Deployment TipsterWhile They're Away

5 Strategies to Sail Through A Deployment

Navigating through a deployment can be like taking a journey across an ocean. As you begin, depending on where you are launching from, the days can be similar to sailing through six-foot waves. You may feel overwhelmed, with lots of water on the deck, and slightly nauseous. However, as you cruise along, you will encounter fantastic days where the water is crystal blue, the sun is shining, and you cover a great distance.

And then there are the in-between days, where the water is a little choppy, you feel unstable, and while the sea doesn’t look rough, it can be challenging to make your way across the deck. While I, like many other military families, I prepare for my husband to be away this year. Here are five strategies I have used in the past and plan to use again this year to help navigate the seas of deployment when rough weather arises.

1. Counting Down the Days

Counting down the days gives me a feeling of satisfaction. There are a few options to count down the deployment, depending on how elaborate you want to be. I am a “strike a line through the day” kind of person. I start my day by crossing off the previous day on the calendar.

I feel like I accomplished something before I have even started the day. Some spouses I know count down the weeks rather than days. If that works and helps the time go by more quickly, do it. When it comes to children, there is the option of putting pieces of candy in a jar, like Hershey Kisses, to equal the number of days that the military parent is gone. Heck, if you are the spouse, why not do it too?

NOTE: I would add a few extra candies, as you never know. Sometimes deployments run shorter or longer than expected.

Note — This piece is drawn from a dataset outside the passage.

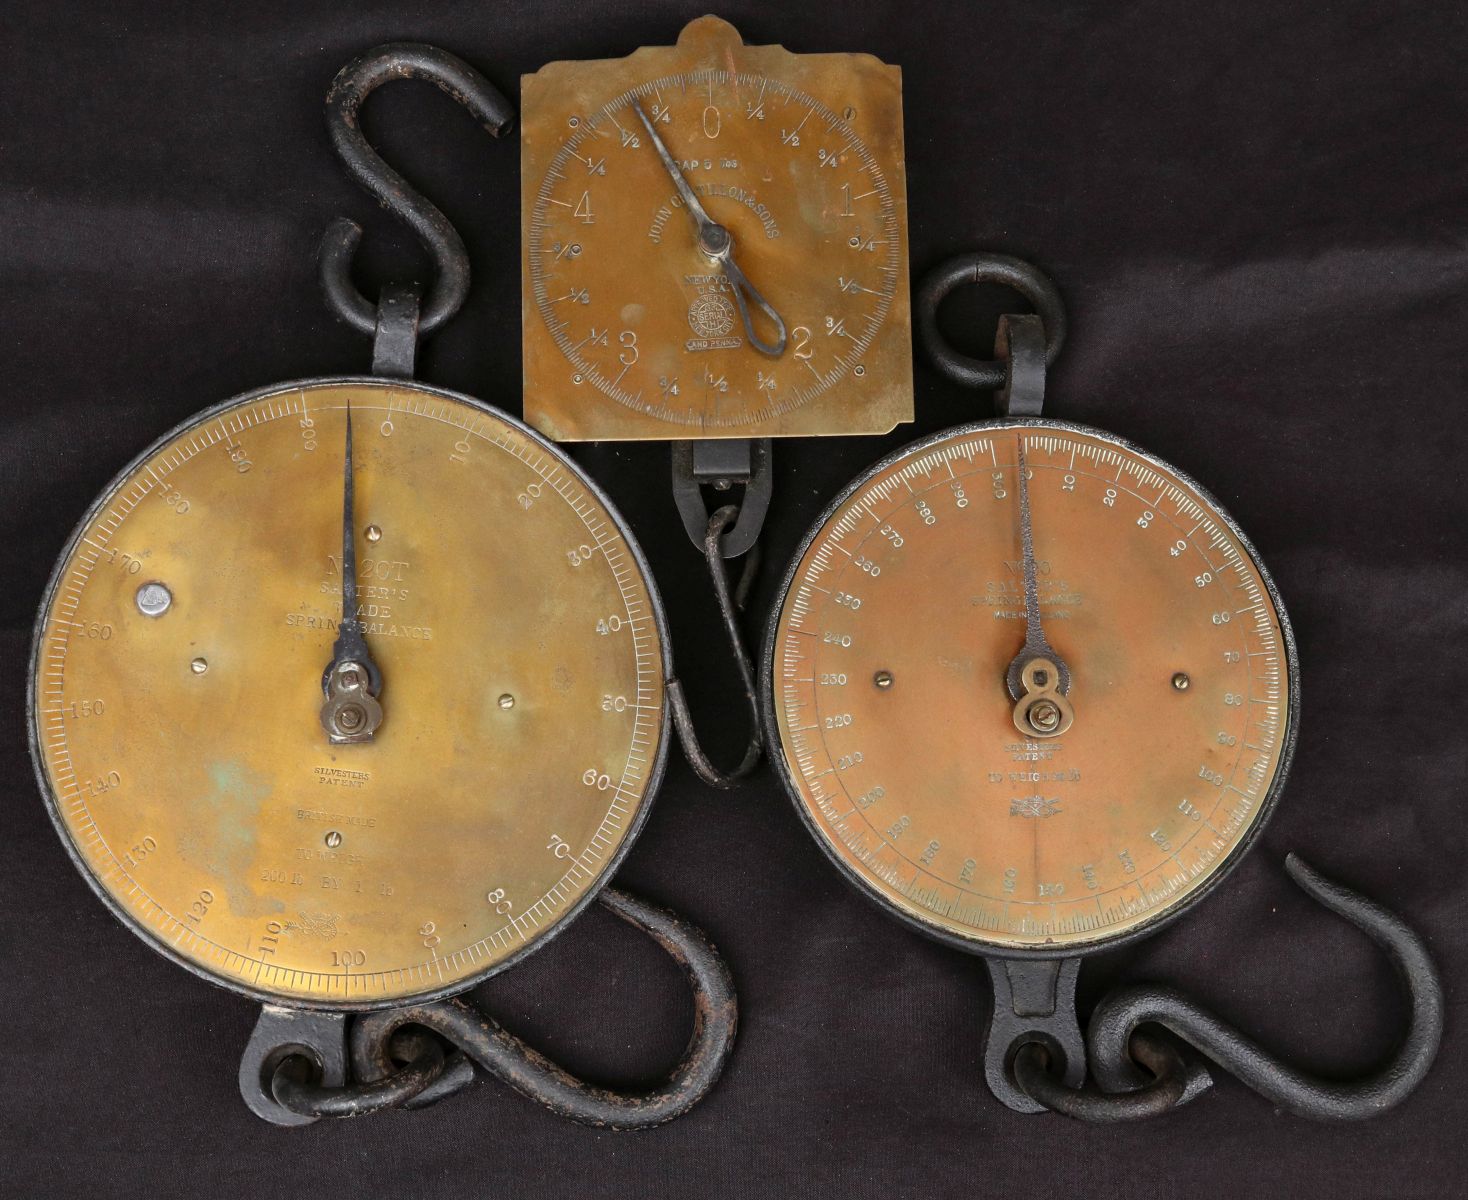 THREE UNUSUAL LATE 19TH CENTURY BRASS FRONT SCALES
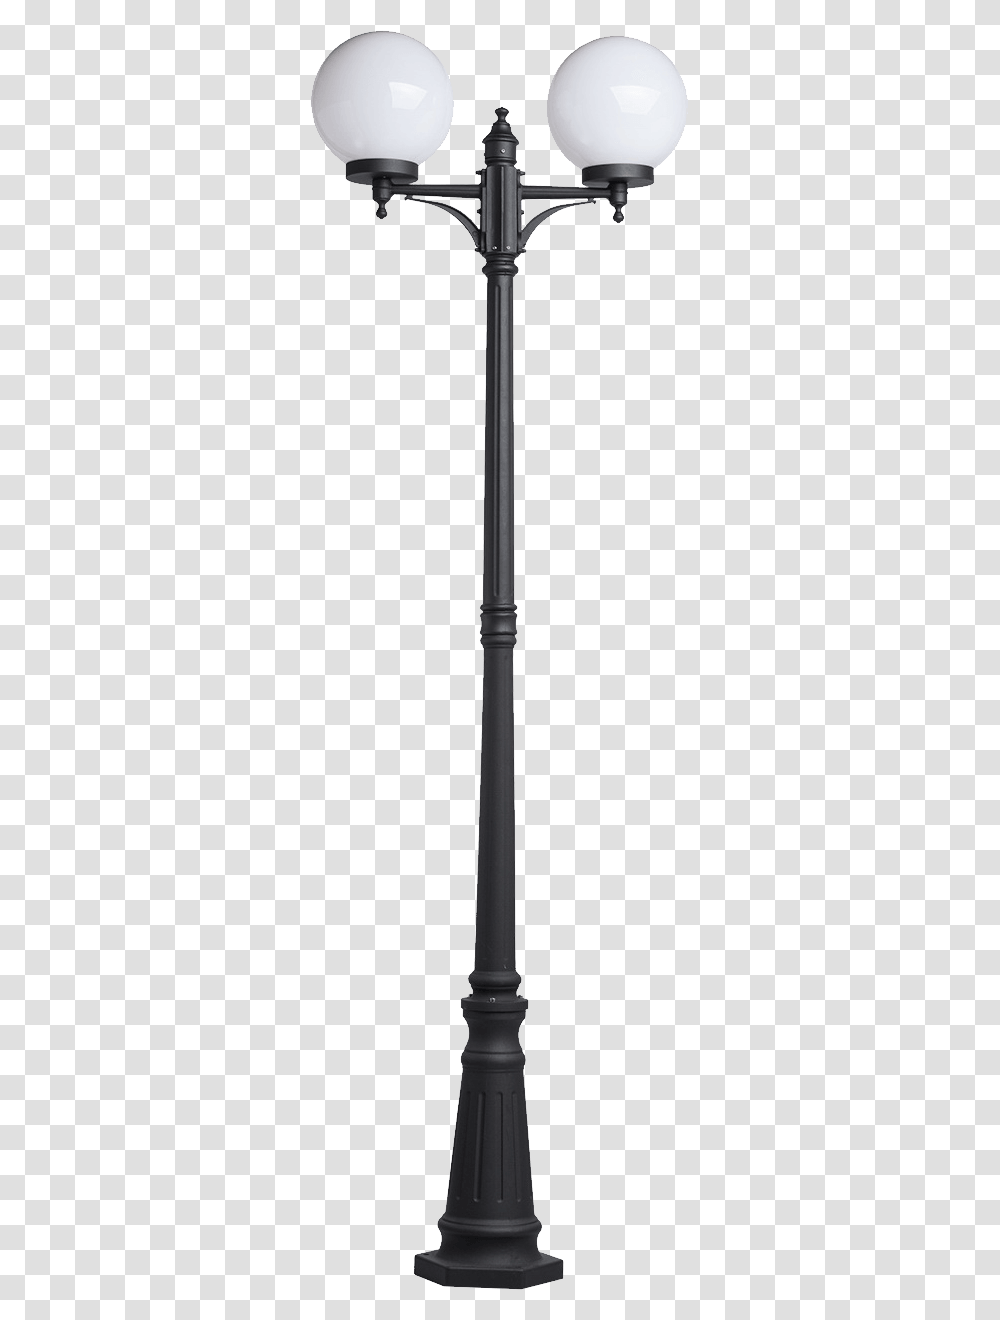 Street Light Background Images Street Light Hd, Lamp Post, Lampshade Transparent Png

2. Have a game plan for weekends

When our children were younger, I found the weekends long. Eventually, we would get into a routine. Friday nights became the evening to grab takeout food. Saturday nights become movie nights. And Sundays were days to catch up. Today, with our children older and two having left home, I now try to tackle projects around the house.

My home is my canvas. So I make a list of projects I have been meaning to do but never had the time when my husband was home. I start with a very ambitious list, and quite frankly, there seems never to be enough hours during the deployment to complete them all. But in the interim, I have something to keep me busy while he is away.

The projects can be as simple as going through my children’s clothes, getting them to go through them, or organizing our family photos in a scrapbook. And then there are the weekends I spend with a good book or binge-watching a series.

3. Meal Plan

I cannot stress how much simpler life is when you meal plan. In the last issue, I shared how I had been reintroduced to my slow cooker, and I have not stopped using it. Meal planning is a stress reducer. When it comes to deployments, this can be a lifesaver. If you don’t already do meal planning when your partner is home, I suggest meal planning while they are away.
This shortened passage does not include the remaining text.